The canonical voices of Scottish Literature are already familiar to you: no need for me to trot out the names of men so favoured by history that we have erected 200ft monuments to them on the capital’s busiest thoroughfare, or whose birthdays are celebrated with near-cultish ceremony every January.
I’d rather talk about Alison Cockburn, Margaret Oliphant, Willa Muir or Elizabeth Melville: just a handful of Scottish women who have been written out of history, forgotten or ignored. In this new blog series, we aim to celebrate the work, talent and legacy of women such as these – the forgotten feminist icons of Scottish literary history.
We asked a group of women working in the arts – writers, librarians, academics and publishers – to nominate their personal feminist icons (real or fictional), and boy, did they deliver. In part one of this series, contributors Stevie Marsden and Vivien Martin tell us about the enduring legacies of two Scottish women writers: the historian Agnes Mure Mackenzie and fiction writer Sheila Stuart.
Agnes Mure Mackenzie, 1891-1955
Chosen by Stevie Marsden (@StevieLMarsden)
I became slightly obsessed with Agnes Mure Mackenzie while completing my doctoral research into the Saltire Society Literary Awards. A member of the Society’s Publications Committee in the 1950s, Mackenzie was one of the people in the room on 22nd June 1954 when the committee approved the Society’s first Book of the Year Award. Unfortunately, the progression of this award was stunted by the death of Mackenzie less than a year later in February 1955. Following her death, the Society established a fund which was used to create the Agnes Mure Mackenzie Memorial Award for Historical Research, which was the origins of the History Book of the Year Award that the Society still hands out to this day.

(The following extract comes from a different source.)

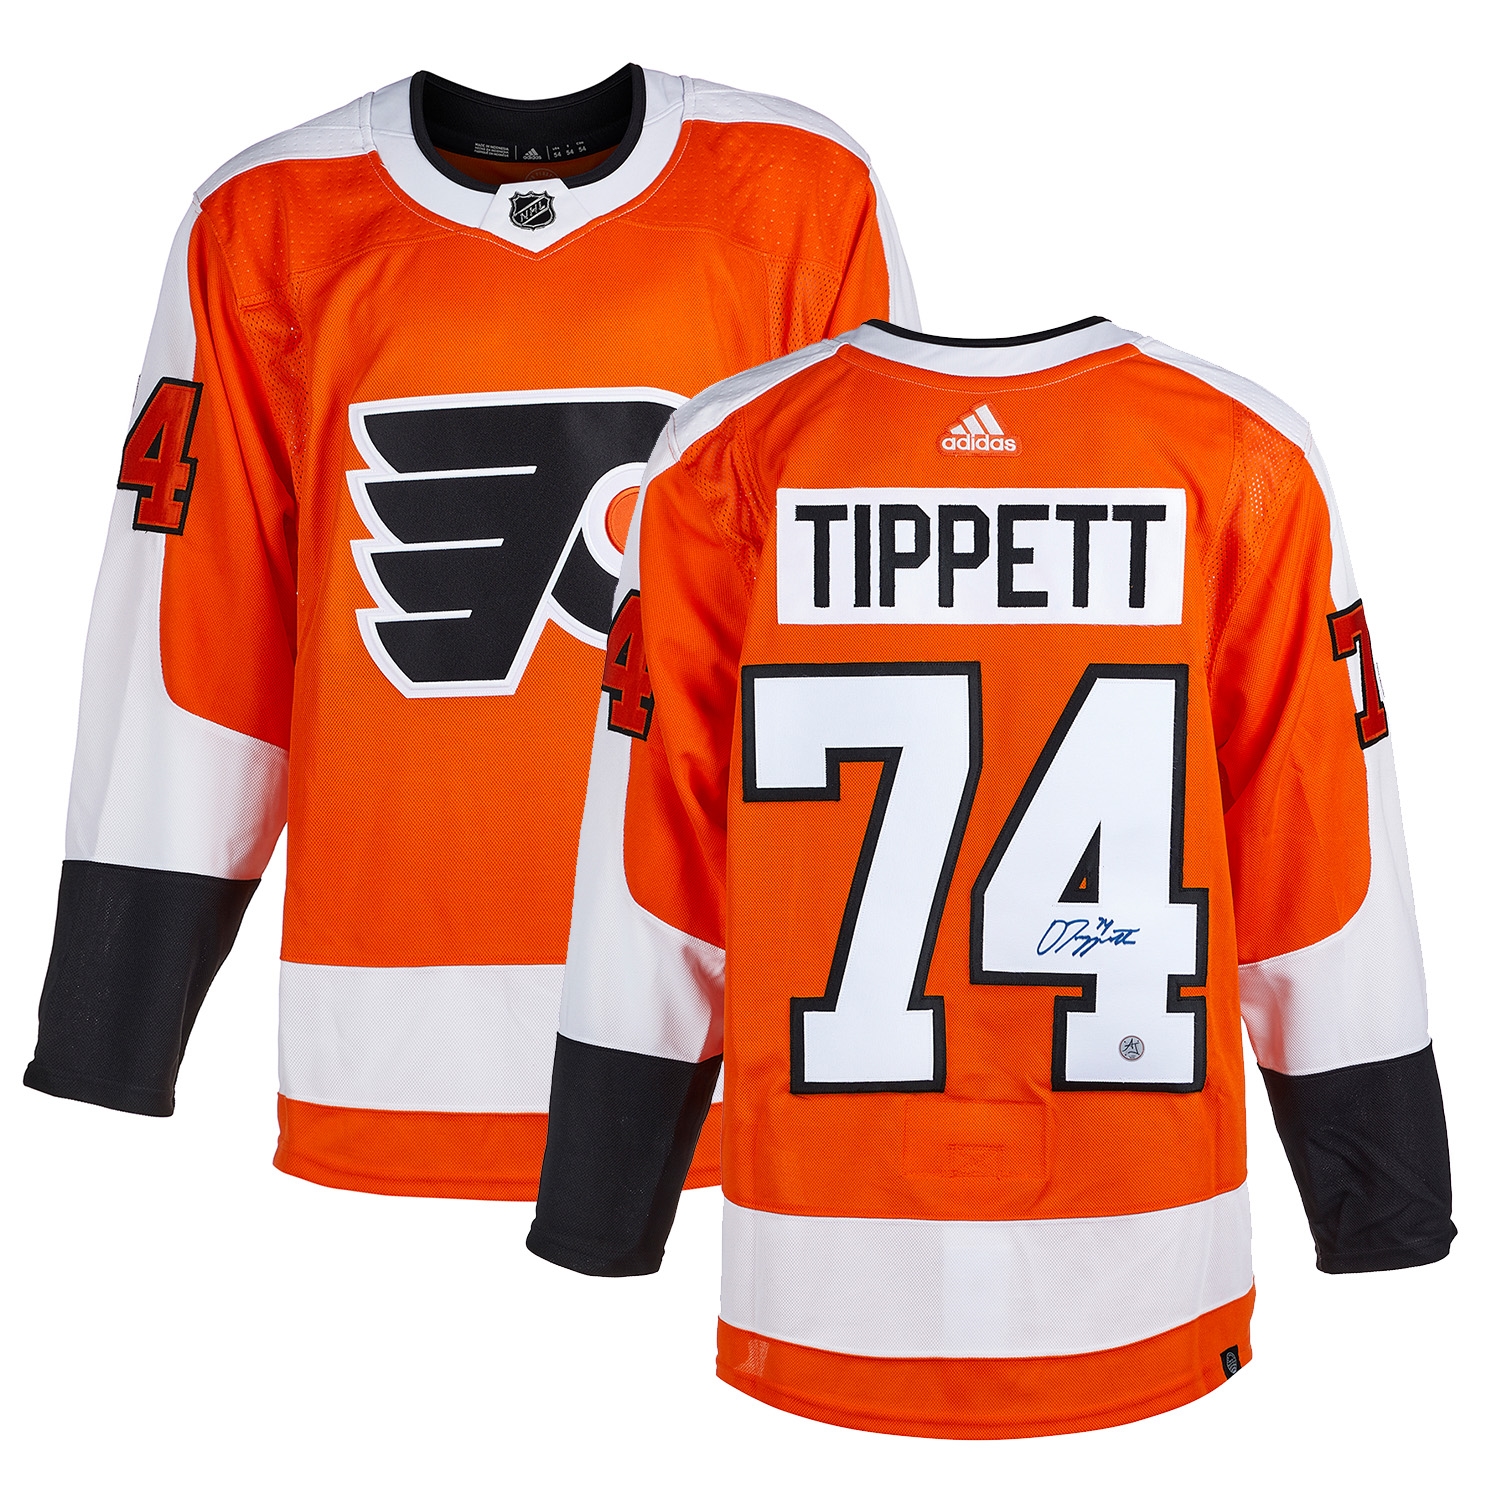 Owen Tippett Autographed Philadelphia Flyers adidas Jersey

As I began to unravel the history of the Society’s Literary Awards I realised that Mackenzie was a near constant figure within that history, and not just in name. The Saltire Society was one of the outlets Mackenzie used to support her advocacy of Scottish culture, affectionately dedicating the first volume of her four-volume series Scottish Pageant (1946) to “My Companions of the Saltire Society who desire that those “things which were cast down shall be raised up and those things which have grown old shall be made new”. She would also use a page of the Aberdeen University Review in 1944 to espouse that the Society wanted to ‘stir the mind of the Scottish people’.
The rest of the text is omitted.